# Second hand Gaggia Classic - pump not working.



## Bytor (Nov 16, 2013)

Hello all - I've just got myself a Classic 2nd hand. The guy I bought if from said it had little use. I started by just running some water though it and it seemed to work fine. I was looking forward to my first cup this morning but there is no pump noise, no water from the steam spout when priming and no water. I've taken off the shower and cleaned it - it was pretty blocked up - but no pump noise or water at all.

Anything I should do rather than get my cash back?


----------



## Daren (Jan 16, 2012)

If you unhappy in anyway then ask for your money back.

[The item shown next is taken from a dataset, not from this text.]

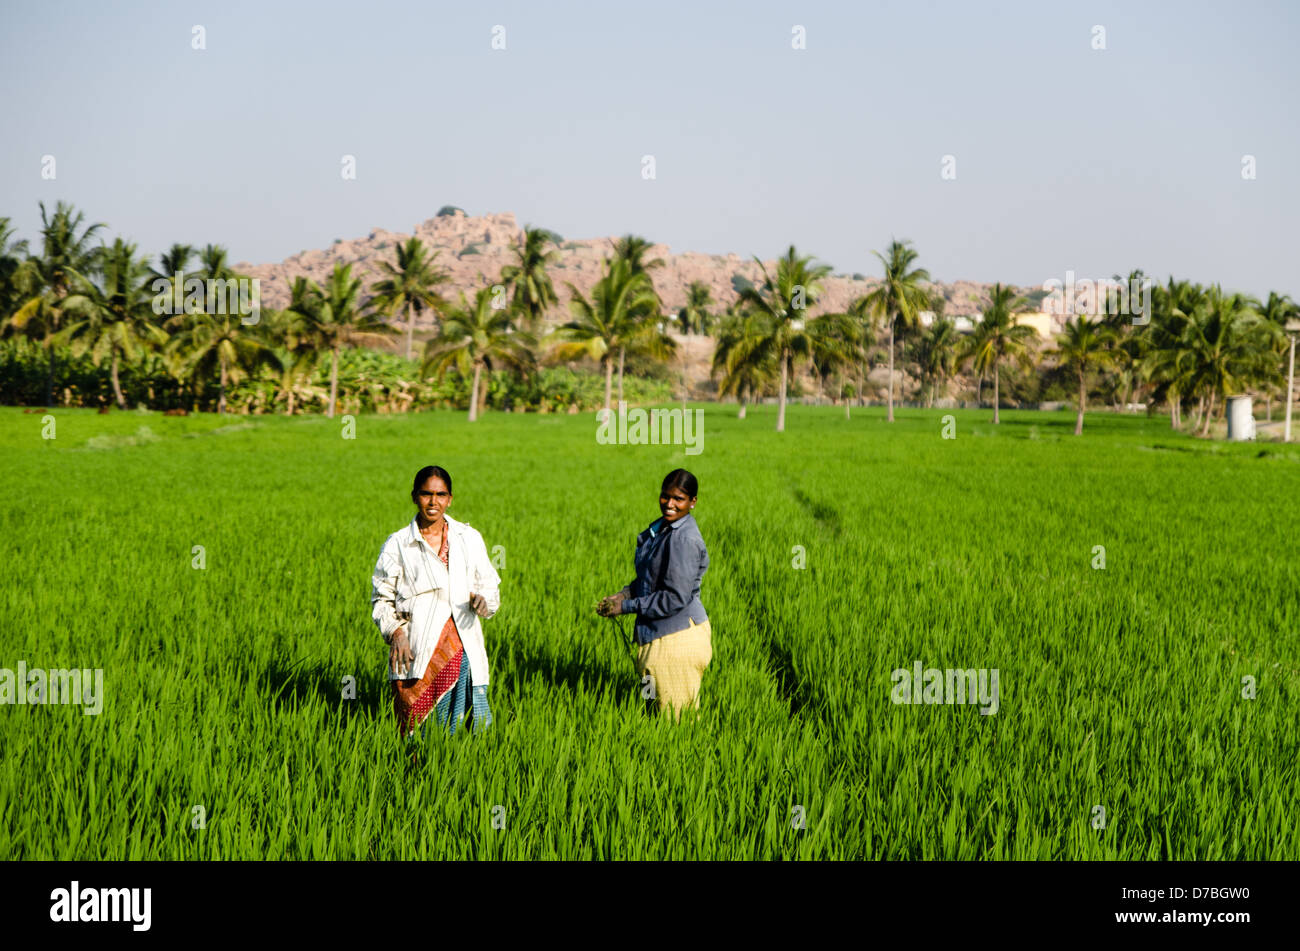 KARNATAKA, INDIA - 3 MARCH: Women work in rice paddy on 3 March 2013 in Karnataka. India produces 20% of the worlds rice. Stock Photo

The last thing you want is to be plagued by doubt.

Well cared for Classics come up regularly on the forum and are generally very well looked after by knowledgeable people.


----------



## El carajillo (Mar 16, 2013)

I would have to agree with Daren, my only other thought was do the lights come on when you switch it on?? If not as nothing is working has the fuse in the plug blown?? It could still be a problem as something caused it to blow.Did you spill any water on the top when you were filling it up?


----------



## Guest (Nov 16, 2013)

El carajillo said:


> I would have to agree with Daren, my only other thought was do the lights come on when you switch it on?? If not as nothing is working has the fuse in the plug blown?? It could still be a problem as something caused it to blow.Did you spill any water on the top when you were filling it up?

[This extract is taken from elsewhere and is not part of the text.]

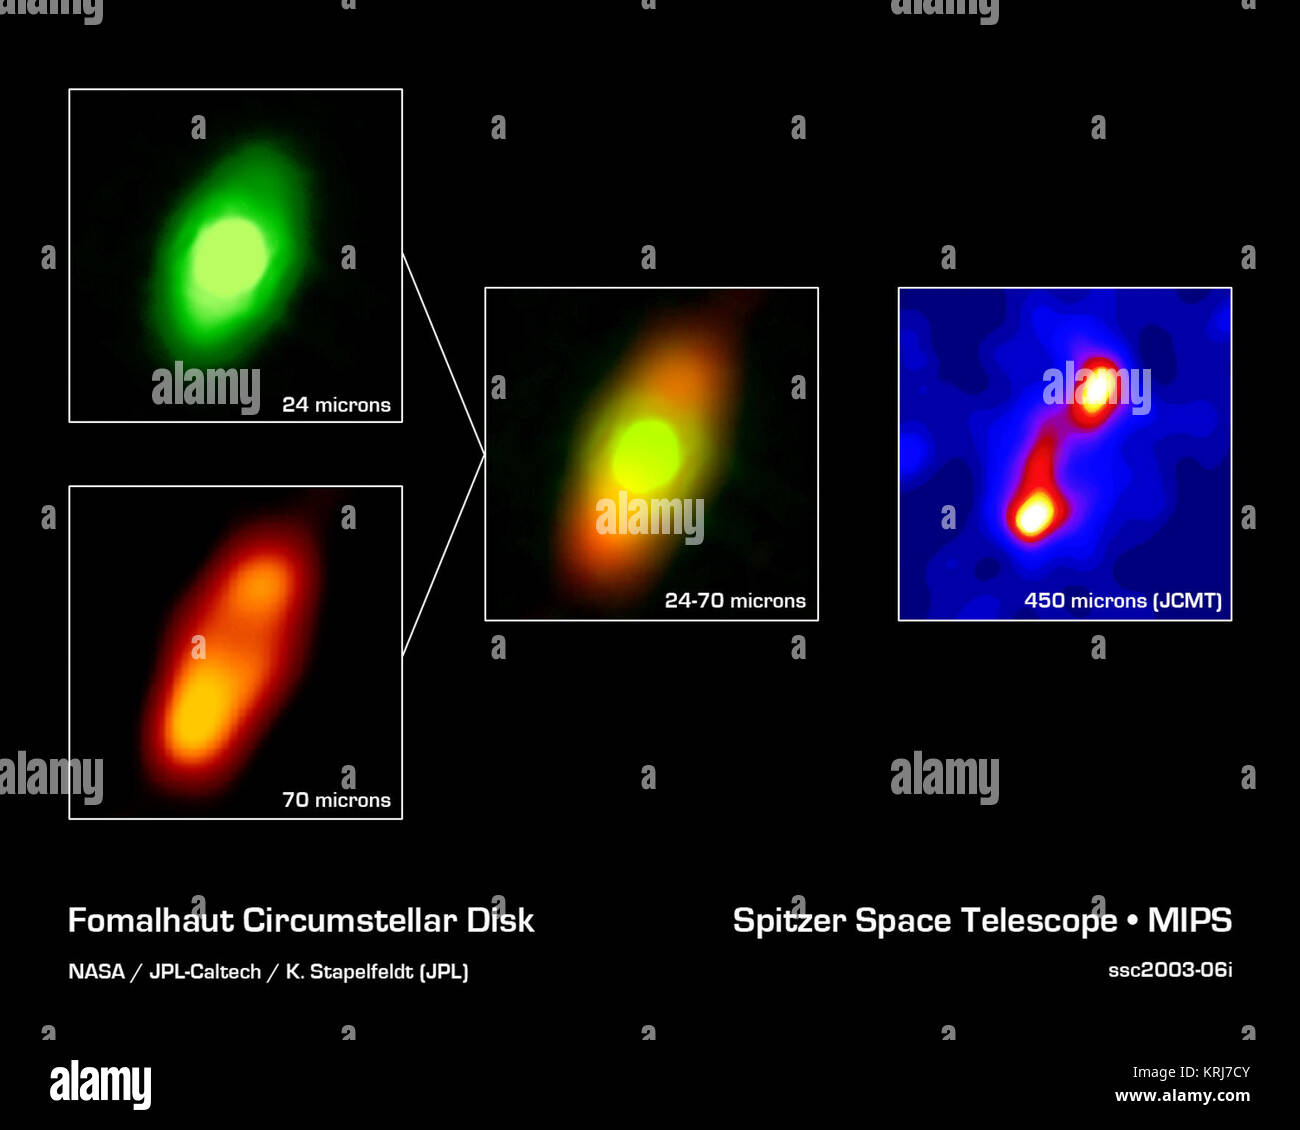 La NASA il telescopio spaziale Spitzer ha ottenuto le prime immagini a infrarossi del disco di polvere che circonda Fomalhaut, la diciottesima stella più brillante nel cielo. I pianeti sono creduti per formare da un tale disco appiattito-come la nube di gas e polvere in orbita intorno a una stella molto presto nella sua vita. Il telescopio Spitzer è stato progettato in parte per lo studio di questi dischi circumstellare, dove le particelle di polvere vengono così freddo che si irradiano principalmente a lunghezze d'onda infrarosse. Si trova nella costellazione Piscis Austrinus, la stella madre e il suo presunto sistema planetario si trovano ad una distanza di 25 anni-luce. Venti anni fa, t Foto Stock

The lights come on OK - I did spill a little water on one occasion but cleared it up pretty quickly.


----------



## El carajillo (Mar 16, 2013)

moidoid are you having the same problems as Bytor, It seems like two separate threads ??


----------



## Bytor (Nov 16, 2013)

Sorry - same person - I registered as moidoid but got no verification email. Sent a message about it but no reply so opened up an account as Bytor - don't know how I managed to post as moidoid, I thought that account wouldn't work!

I'll ask for help ;-)


----------



## Glenn (Jun 14, 2008)

Will delete the moidoid username for you


----------



## Bytor (Nov 16, 2013)

Thanks Glenn.

Well I managed to get my cash back for the Classic - the shower was very blocked and I wonder if the pump couldn't cope with trying to get water through it. Anyway, never mind, I shall get a new one I think - one with a guarantee! Is Amazon the best place to look?


----------



## urbanbumpkin (Jan 30, 2013)

For new with a guarantee I think it's probably a good option )169 at the moment.


----------



## Bytor (Nov 16, 2013)

The Amazon description says that the Classic comes with a single and a double basket. Is this still the case or does it come with a pressurised basket?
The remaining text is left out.